[Dataset entries]

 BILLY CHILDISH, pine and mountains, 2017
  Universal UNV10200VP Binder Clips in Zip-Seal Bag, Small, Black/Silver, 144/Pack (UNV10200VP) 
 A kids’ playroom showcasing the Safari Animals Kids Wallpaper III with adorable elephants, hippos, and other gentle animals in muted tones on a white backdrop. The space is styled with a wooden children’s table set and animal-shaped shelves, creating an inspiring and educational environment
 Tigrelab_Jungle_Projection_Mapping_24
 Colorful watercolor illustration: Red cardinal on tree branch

**TRY IT:** Retype, without changes, the lines from the line holding "Tigrelab_Jungle_Projection_Mapping_24" to the end of the data, both ends included.

**SOLUTION FOR THIS PROBLEM:**
 Tigrelab_Jungle_Projection_Mapping_24
 Colorful watercolor illustration: Red cardinal on tree branch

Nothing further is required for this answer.